French venture capitalist (born 1930)

Pierre R Lamond (born September 12, 1930) is a venture capitalist in Silicon Valley who has specialized in semiconductors, systems and cleantech. He was a partner at Sequoia Capital based in Menlo Park, California, from 1981 until he left to join Vinod Khosla's Khosla Ventures as General Partner in March 2009. He left Khosla Ventures in 2014 and joined Eclipse Ventures as a Partner in 2015.

== Career ==

"Typically our style of investment is to invest early. First, we try to identify potentially profitable sectors of the market before everyone else does.
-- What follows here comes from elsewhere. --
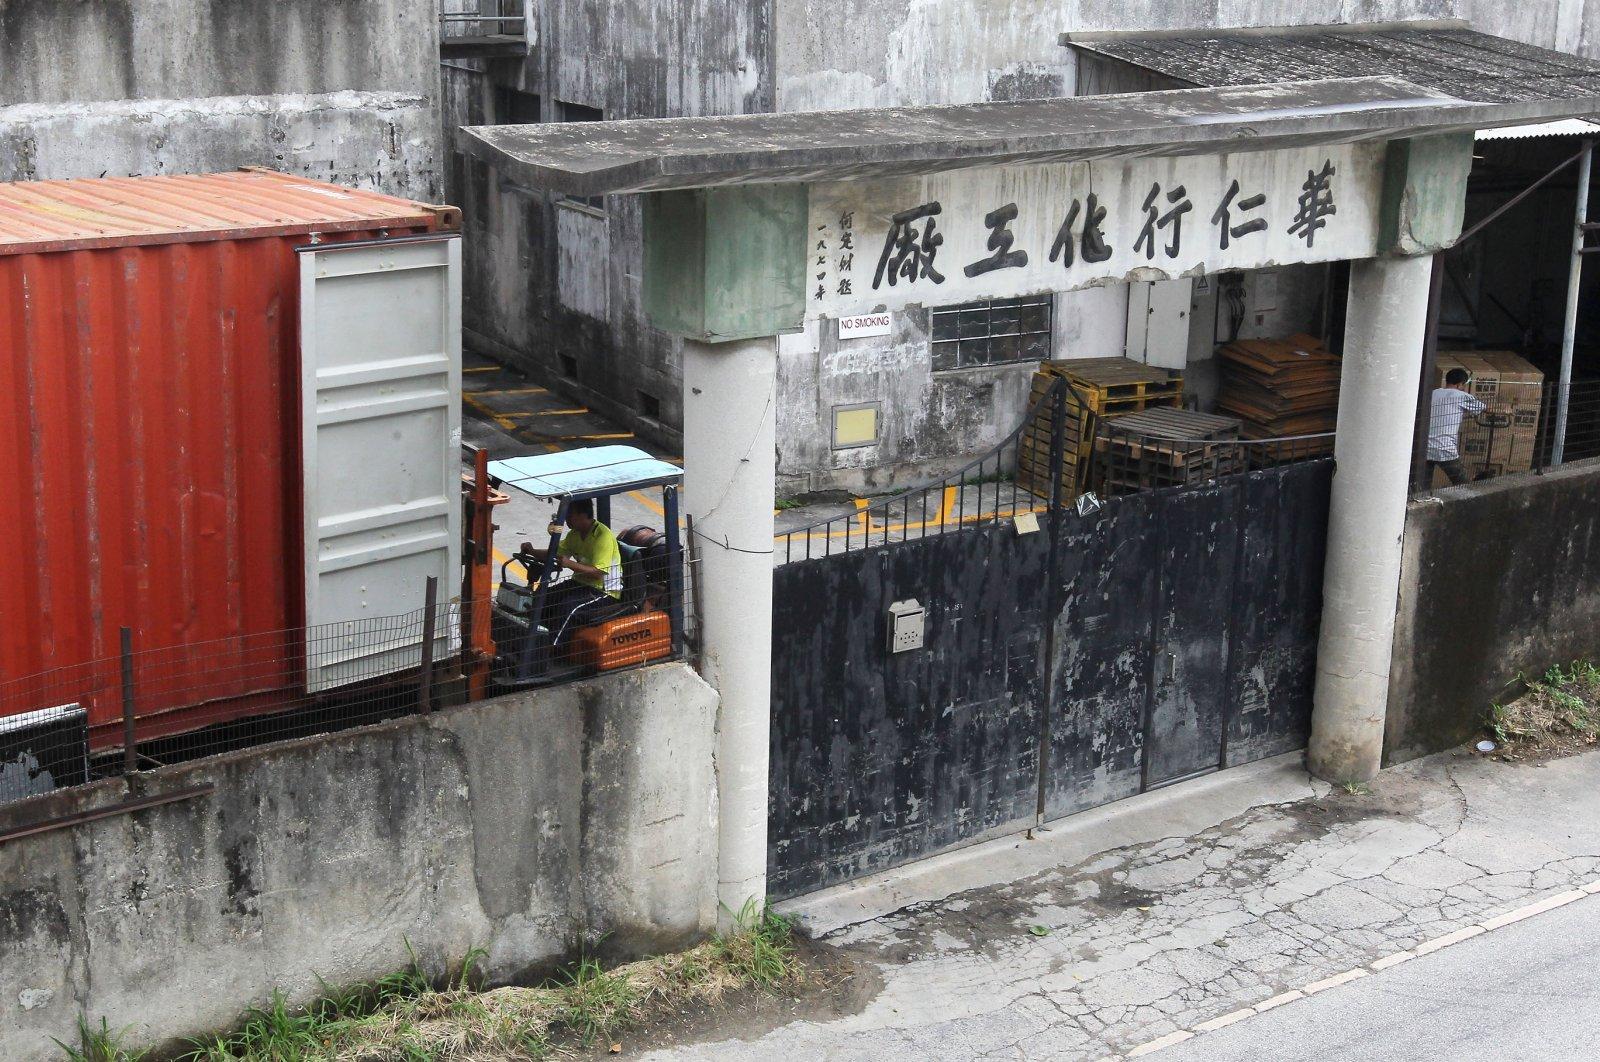 Wah Yan Hong Chemical Factory is located in Kwu Tong, Hong Kong, China, Aug. 2, 2013. (Getty Images)

At that point, we can get involved in the seed and first financing rounds, become active at the board level and participate in establishing strategy and start recruiting a management team."
— —Lamond in 1999.

Lamond was born in France and studied Electrical Engineering at the University of Toulouse as an undergraduate, where he also received a master's degree in Physics. He then gained another master's degree in Electrical Engineering from Northeastern University.

His first job was an engineer with Transitron Electronics in 1957. In January 1962, he joined Gordon Moore's Fairchild Semiconductor, before he left in 1967 to run the company's spin-off, National Semiconductor, with Charles E. Sporck and Bob Widlar. At National Semiconductor they made the-then bold move of assembling all their semiconductor components outside the US, in Hong Kong and Singapore.

He has also been an executive at Coherent Radiation, where he was CEO until January 1976, and Advent Corp., a home-entertainment equipment company, where he was CEO from March 1976 until May 1977.

During his tenure at Sequoia Capital, Lamond was chairman at Cypress Semiconductor, Microchip Semiconductor, Vitesse Semiconductor, Redback Networks, Plumtree Software, Verisity and a Director of a number of other companies. While at Sequoia he acted as a mentor for the founders of YouTube. Despite being an early investor in several social network startups, he said in 2007 that "We're in Web 2.0 bubble in my opinion." In 2009, Sequoia acrimoniously split with Lamond after he had made personal investments from his family office and referred deals to his son.

He is a past president of the Western Association of Venture Capitalists. He had intended to retire in 2009, but instead joined Khosla, who specialise in energy-related companies, after being impressed with their focus on investing in research-based ventures. At Khosla Ventures, Lamond was on the Board of Seeo, Soladigm, Cogenra, Seamicro (sold to AMD), Point Source Power, Skybox. In 2015, Lamond joined Lior Susan, who was to lead Formation 8's hardware fund before the firm's split. Instead they founded Eclipse Ventures where he is currently Partner Emeritus. At Eclipse, Lamond is on the Boards of Light Lab, Kindred, Diassess, Cerebras, Flex Logix, Visible, and Oxide Computer Company. In 2026, he donated $30 million to Duke University's electrical and computer engineering department.

== Personal life ==
Lamond is married. His son David is President of Lamond Capital Partners. Lamond has two other children, Patricia and Philip.